Latitude: 69.528329 °N
Longitude: -153.887128 °W
Arctic Slope of Alaska locality USGS 11606, north of Maybe Creek. This locality is a bluff approximately 10 m high on the east side of an unnamed tributary of the Price River. The predominant lithologies are bentonitic clays overlying a silty sandstone capped by coal beds up to 2 m thick, which are in turn overlain by a white-gray medium-grained sandstone. Irregularly dispersed throughout the clay are nodules and sheets of ferruginous limestone (sideritic) which, although light gray when fresh, weather to a rusty brown. With the exception of some poorly preserved plant matter in the upper sandstones, and impressions of platanoid leaves in the power sandstones, the plant material is confined to these fine-grained iron-rich nodules and is preserved as impressions totally lacking cuticle. There is little evidence of post-mortem decay but many leaves are penetrated by vertical fossil rootlets. Platanoid leaves are most common in siltier/sandier facies. The uppermost coal surface supports several in situ tree bases each of which is approximately 20 cm in diameter.

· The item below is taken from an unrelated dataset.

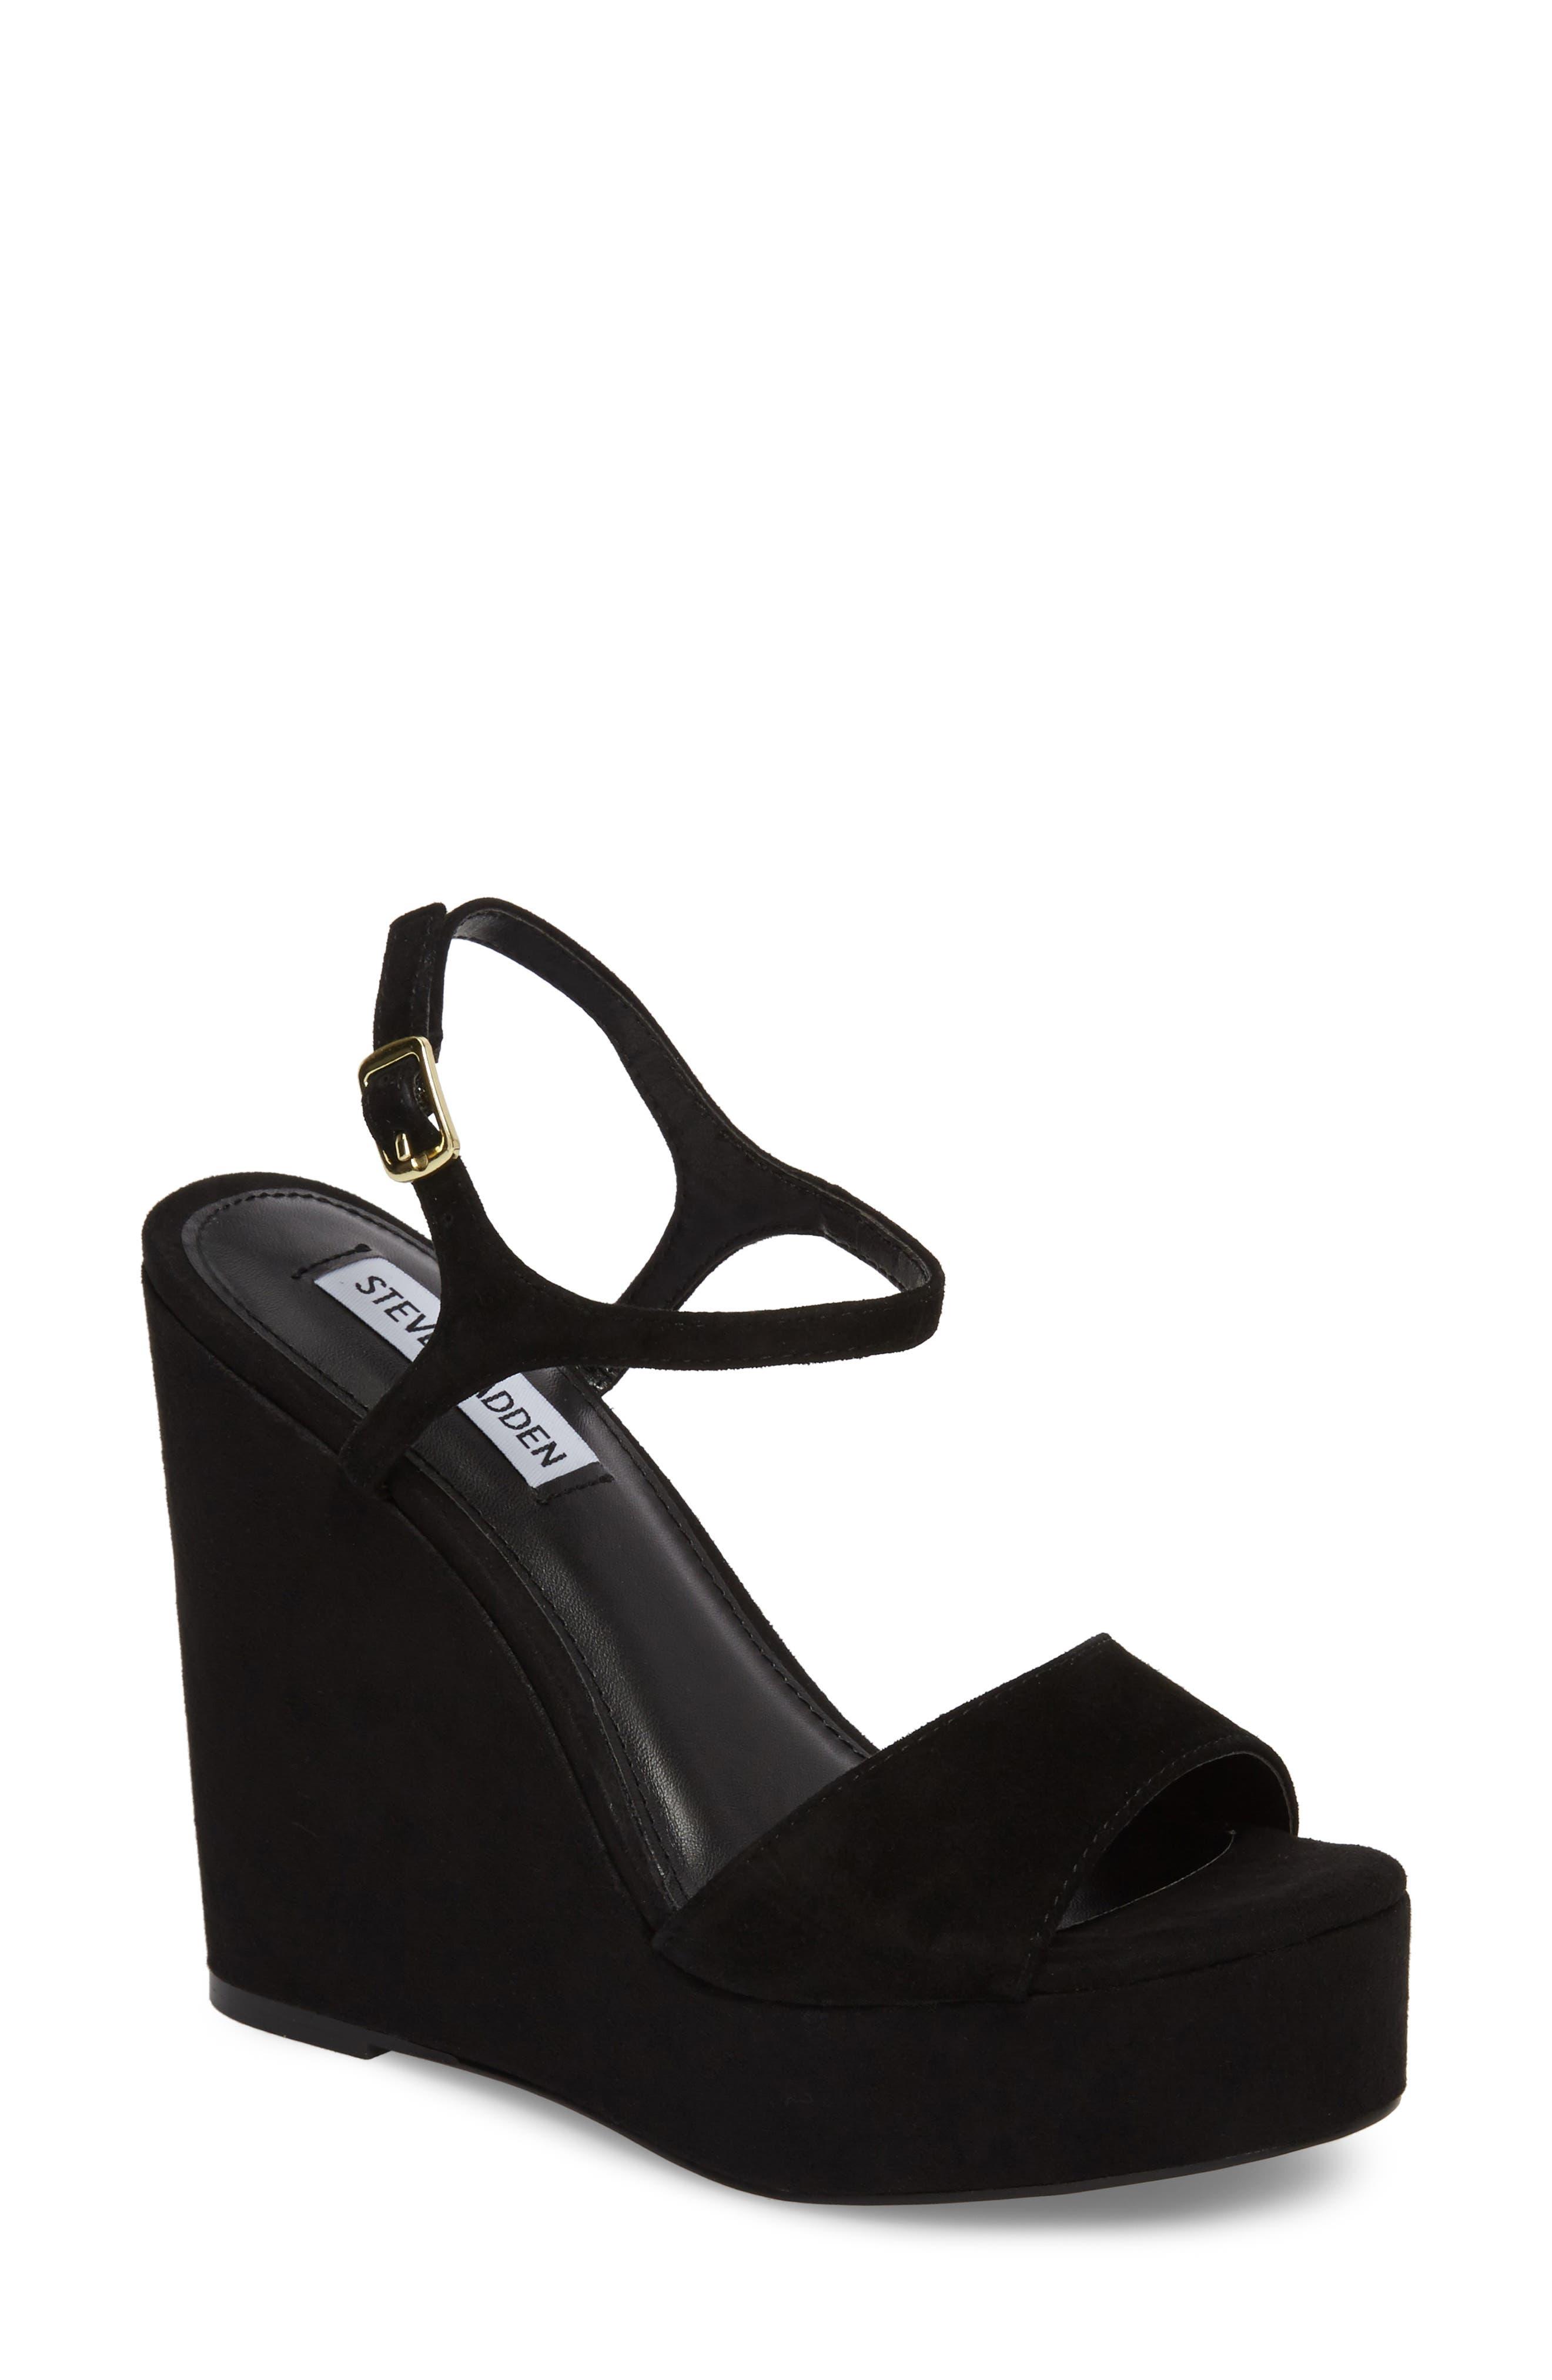 Truce Wedge Sandal,                         Main,                         color, Black Suede
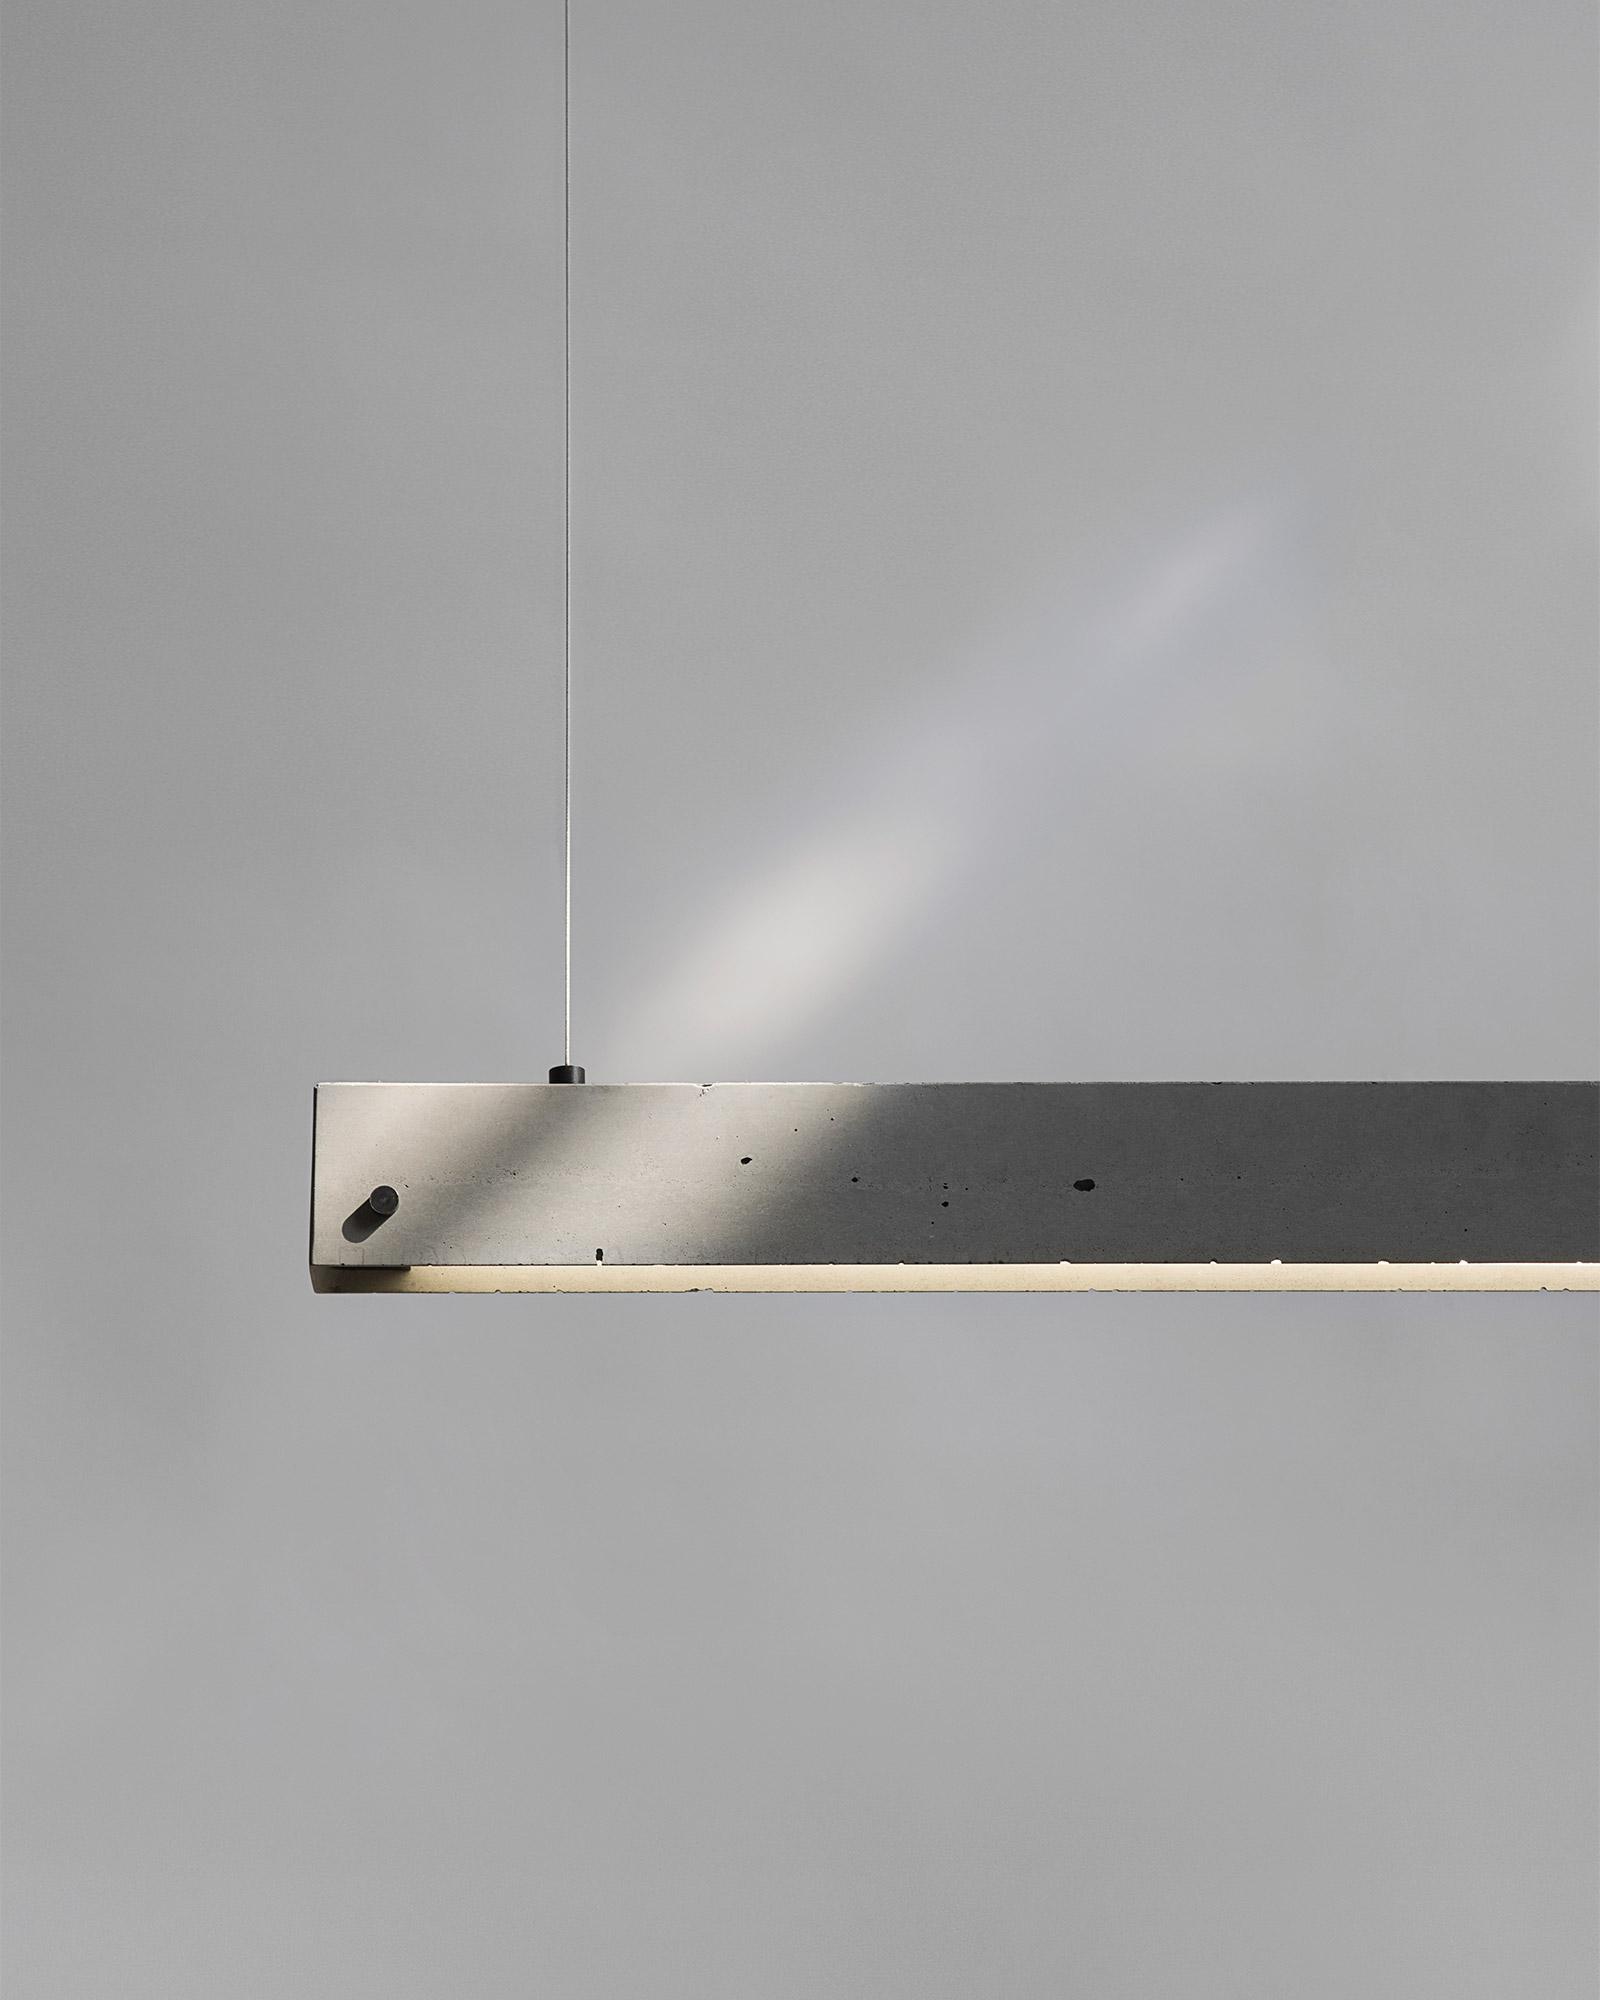 concrete pendant strip light on fine wires

Leaf: simple; symmetrical; elliptic; apex obtuse; base missing; margin entire; venation pinnate; primary midvein moderate, straight; secondary veins moderate, markedly curved, angle of divergence from the midvein moderate acute (50°) more or less uniform along the length of the midvein but more acute at the base, festooned brochidodromous becoming almost eucamptodromous near base, loops joining the superadjacent secondary at an acute angle; intersecondary veins simple; tertiary veins percurrent, straight, sometimes forked, angle of divergence on admedial side of secondary veins acute or approximately 90°, on abmedial side more or less at right angles but sometimes acute or obtuse, relationship to the midvein variable from obtuse near the midvein to approximately right angles near the margin, forming loops at the margin; fourth order veins indistinct but reticulate and forming 3-5-sided well developed areoles with no obvious preferred orientation, ultimate marginal venation looped.
Given the somewhat poorly organized venation this specimen compares well with those described by Bell (1963) from the Dunvegan Formation of British Columbia as 'Magnolia' rhamnoides (p. 43; Plate 23, Figs. 1, 4; Plate 24, Figs. 1-4).